Download ZHETRI_3X + dependencies [TGZ] [ZIP] [TXT]

Purpose:
 ZHETRI_3X computes the inverse of a complex Hermitian indefinite
 matrix A using the factorization computed by ZHETRF_RK or ZHETRF_BK:

     A = P*U*D*(U**H)*(P**T) or A = P*L*D*(L**H)*(P**T),

 where U (or L) is unit upper (or lower) triangular matrix,
 U**H (or L**H) is the conjugate of U (or L), P is a permutation
 matrix, P**T is the transpose of P, and D is Hermitian and block
 diagonal with 1-by-1 and 2-by-2 diagonal blocks.

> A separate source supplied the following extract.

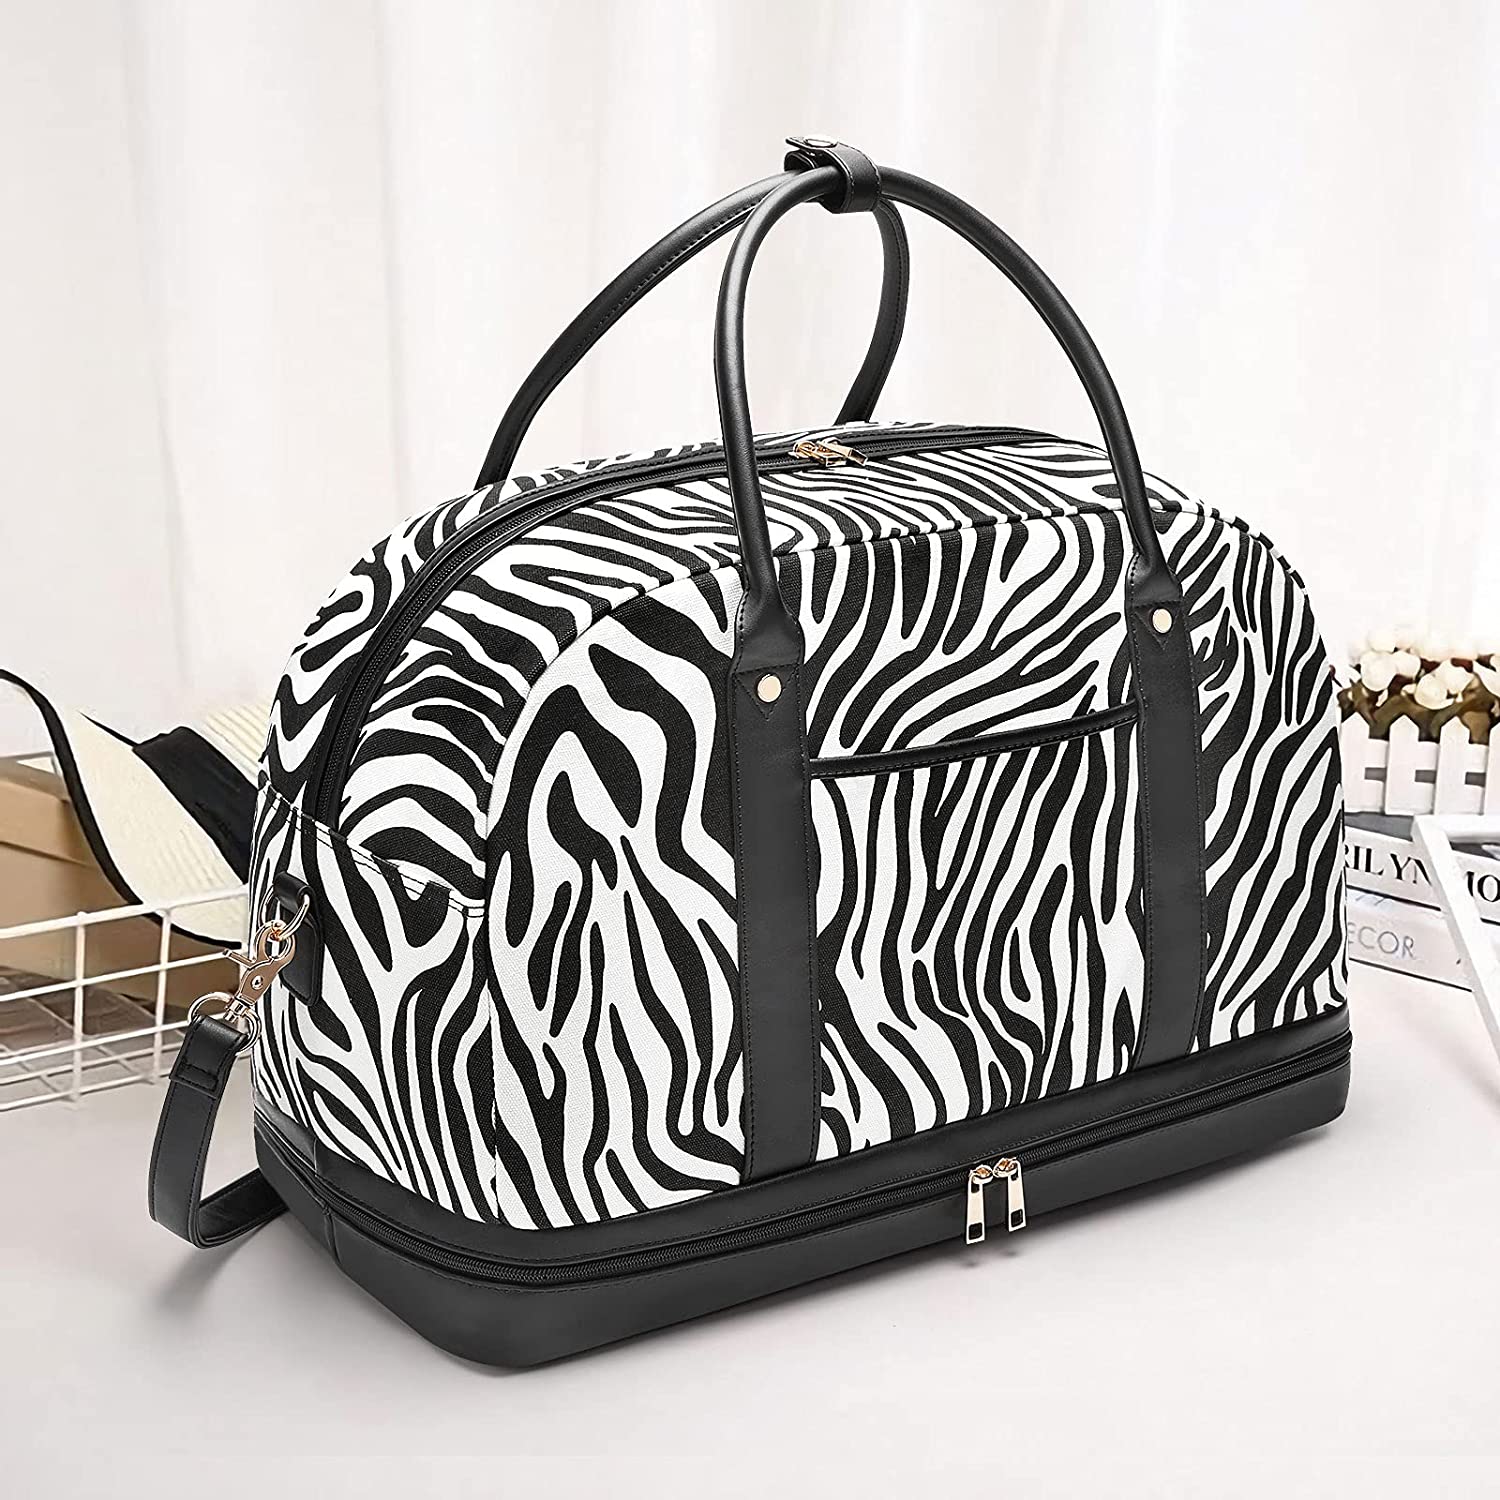 Women Stylish Canvas Travel Duffel Weekender Bag Overnight Bag Carry On  with Shoe Compartment and Free Toiletry bag HB-10 (Zebra Striped)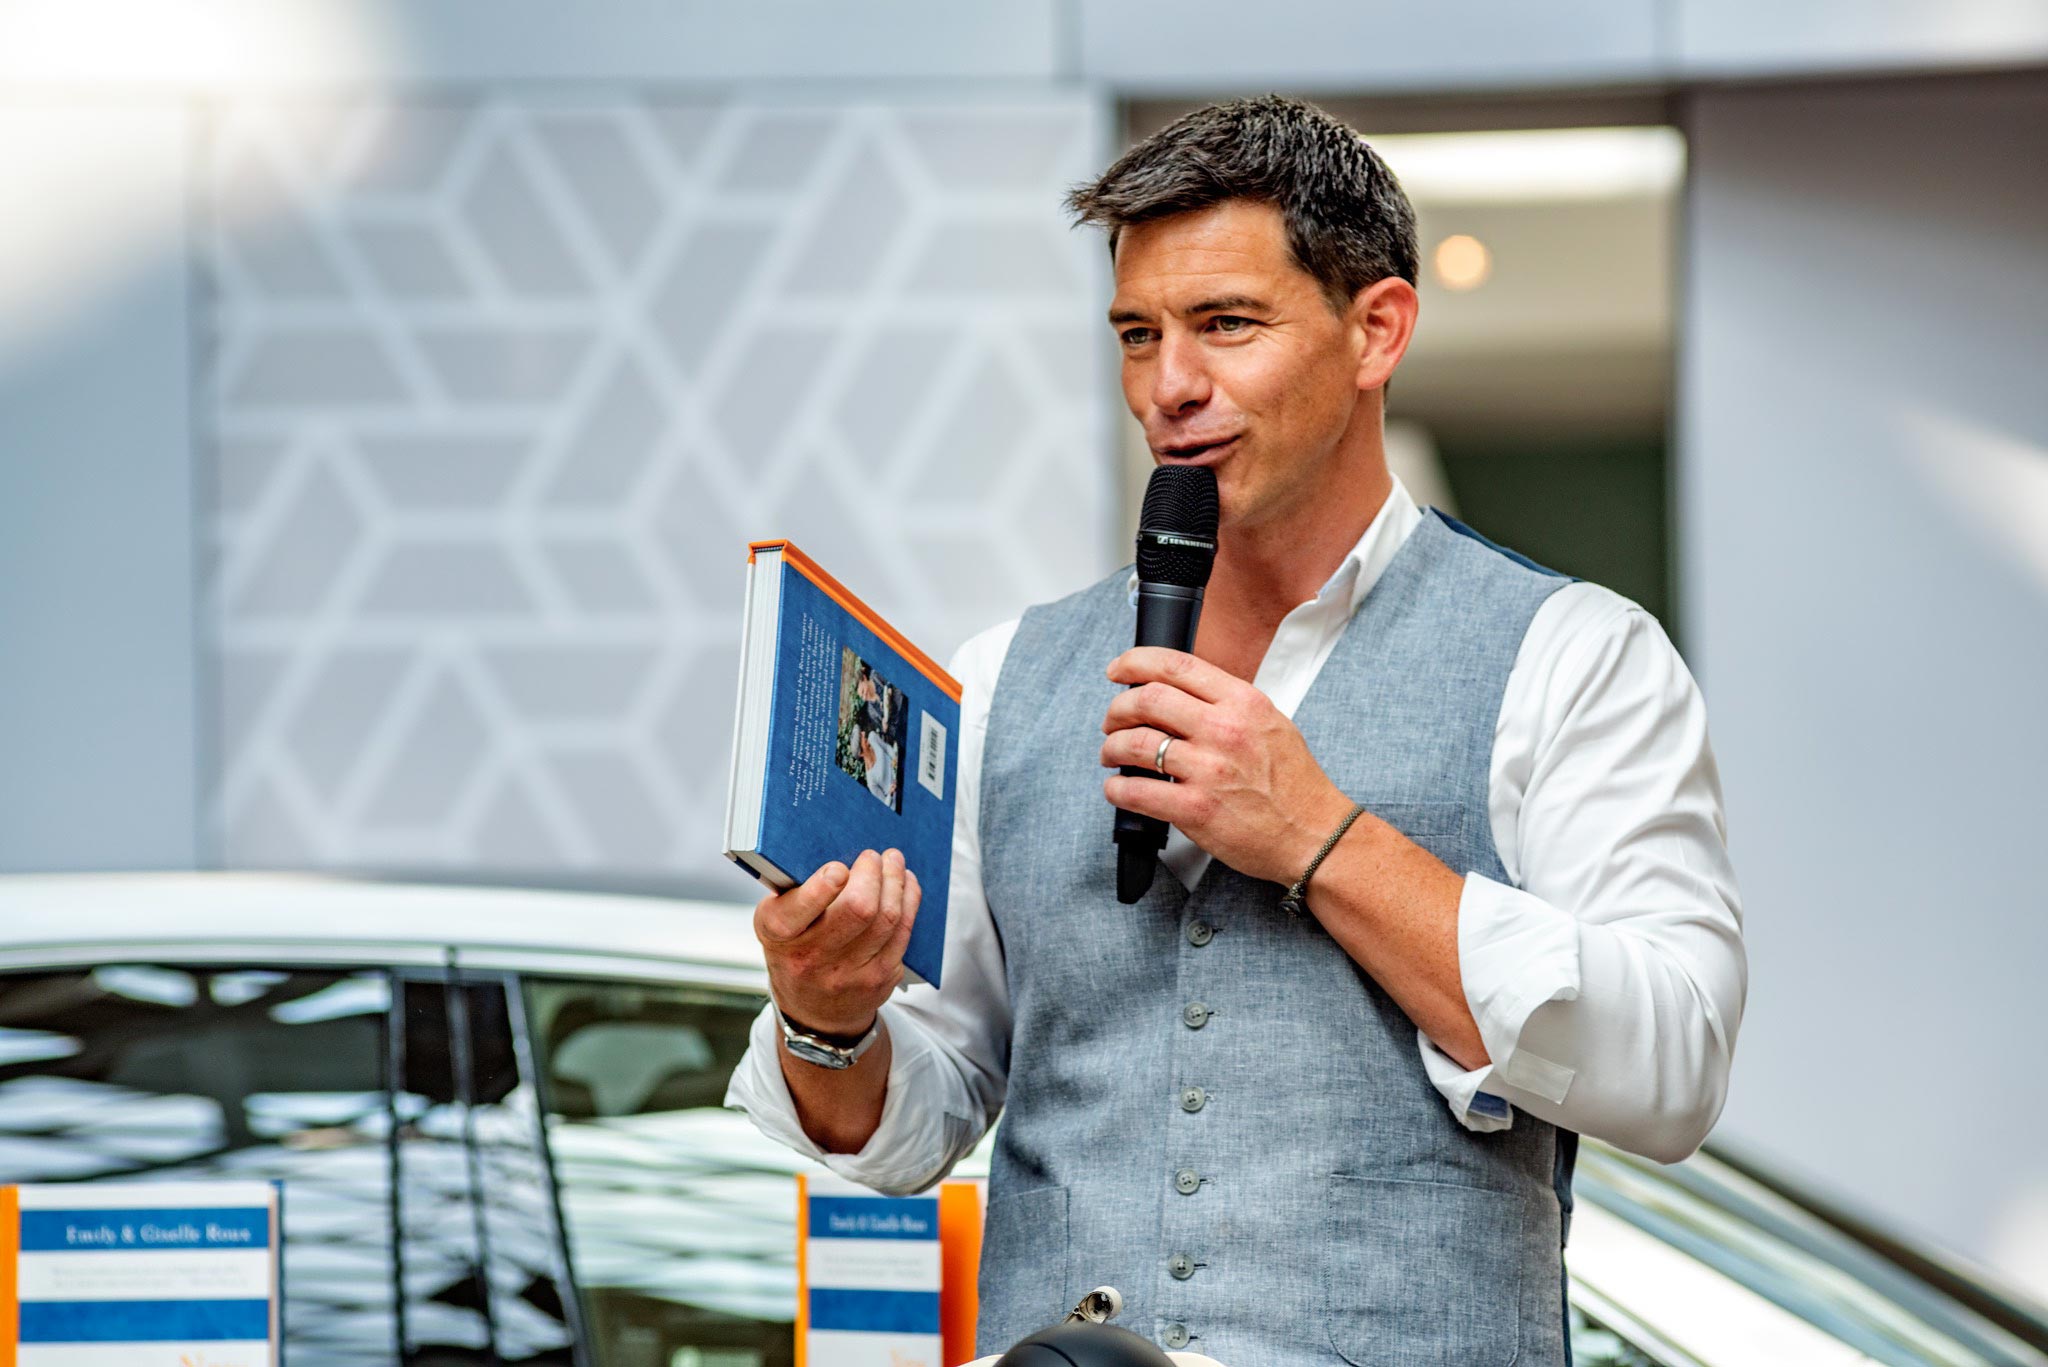 An engaging shot by Wright Content, featuring Marcus Bean, a TV presenter chef, at a Lexus experiential event. In this image, Marcus holds a microphone in one hand and a book in the other, smiling warmly as he interacts with the audience. Wright Content excels in capturing authentic moments like this.

 This is the blocked version of the algorithm, calling Level 3 BLAS.
Parameters
[in]UPLO
          UPLO is CHARACTER*1
          Specifies whether the details of the factorization are
          stored as an upper or lower triangular matrix.
          = 'U':  Upper triangle of A is stored;
          = 'L':  Lower triangle of A is stored.
[in]N
          N is INTEGER
          The order of the matrix A.  N >= 0.
[in,out]A
          A is COMPLEX*16 array, dimension (LDA,N)
          On entry, diagonal of the block diagonal matrix D and
          factors U or L as computed by ZHETRF_RK and ZHETRF_BK:
            a) ONLY diagonal elements of the Hermitian block diagonal
               matrix D on the diagonal of A, i.e. D(k,k) = A(k,k);
               (superdiagonal (or subdiagonal) elements of D
                should be provided on entry in array E), and
            b) If UPLO = 'U': factor U in the superdiagonal part of A.
               If UPLO = 'L': factor L in the subdiagonal part of A.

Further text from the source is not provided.